И действительно, продвигаясь по ходу нашей охоты и грабежа от дома к дому, мы взошли в конце концов на высокий холм, откуда открывался вид до самого морского побережья, где высокие белопенные волны накатывались на сушу. У нас, на вершине холма, погода была ясная, но по виду моря сразу можно было сказать, что там, у людей внизу, бушует буря и что несладко сейчас рыбакам в волнах. Женщин, плачущих на берегу, было не разглядеть, очень уж большое нас разделяло расстояние, но, без сомнения, они там были.
Мы уселись на скале, я и Седой Старик, чтобы немножко передохнуть. Все карманы и одежда на Старике чуть не лопались от наворованного, не говоря уже о тех ценных вещах, которые он держал в руках и под мышками. Поистине, в тот день он прекрасно поохотился, и уж точно, что не польза была жителям Росанн от нашего похода туда. Старик велел мне нести часть добычи.
– А теперь мы пойдем, – сказал он, – в дом моего друга, Фердинанда О’Рунаса в Килл Аэд, я останусь там на ночь, а ты, пообедав, отправишься обратно домой. Я возьму у Фердинанда повозку и вернусь домой завтра со всем тем добром, что благополучно добыто мною сегодня на охоте.
– Хорошо, уважаемый, – сказал я.
Мы пошли. Маленький беленый домик на том краю долины, где жил Фердинанд, располагался по правую руку, если идешь на восток. Там нас приветствовали с великим ирландским гостеприимством. Фердинанд был древним стариком, и с ним жили только его дочь, Нобла, невысокая девушка, красивая и миловидная, и старуха (неизвестно, приходилась ли она ему женой или матерью), которая двадцать лет уже как помирала, лежа на постели в углу, но пока ей так и не удавалось выйти из большой игры. Был у него сын по имени Микки (прозвище его было Картежник), но в то время он был на востоке, на гулянке в Шотландии.
Добро Седого Старика припрятали в надежное место, – чувствовалось, что для всех это дело привычное, – и затем мы все сели есть картошку. Когда с едой было покончено, Седой Старик сказал Фердинанду, что я человек молодой, мало знающий жизнь, и что я ни разу не слышал настоящего сказа от настоящего сказочника в старом ирландском стиле.

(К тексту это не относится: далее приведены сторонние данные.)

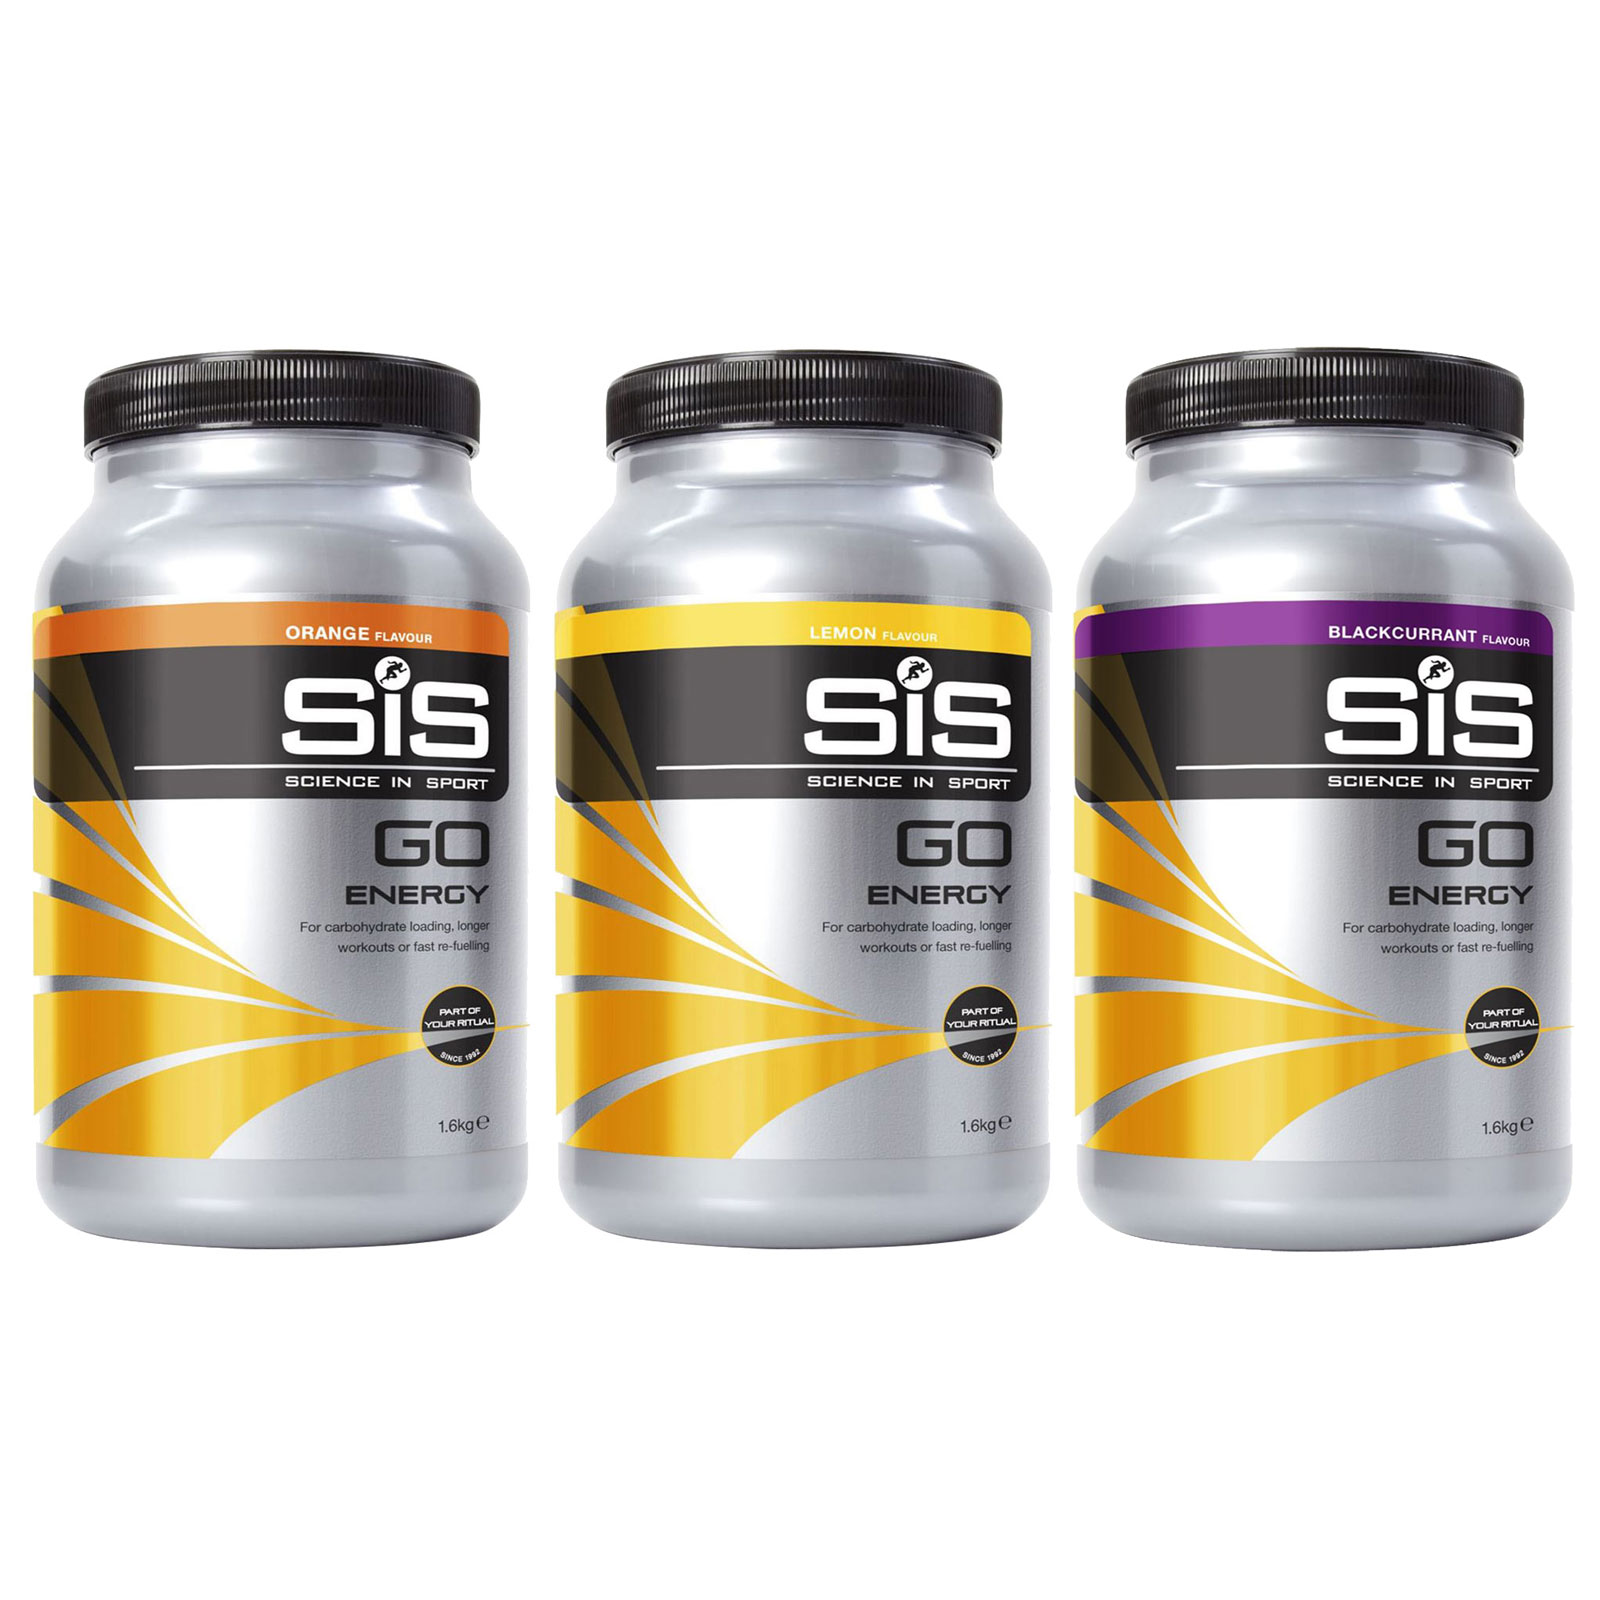 Productfoto van SiS GO Energy Powder - Carbohydrate Beverage Powder - 1600g

– А потому, Фердинанд, – сказал он, – не вредно было бы, если бы ты рассказал нам историю, если совпадает это с твоими желаниями.
– Я охотно рассказал бы историю, – сказал Фердинанд, – но не пристало сказочнику рассказывать историю на вечерних посиделках, не устроившись уютно у очага и не сунув свои старые ноги в горячую золу; место же, где я сижу, далеко от огня, и ревматизм не позволяет мне подняться и подвинуть мой стул к очагу. Это все они, эти двое – нечистый и Морской Кот – наслали на меня такой ревматизм, чтоб их обоих задавило!
– Коли так, – сказал Седой Старик, – я придвину твой стул, а вместе с ним и тебя.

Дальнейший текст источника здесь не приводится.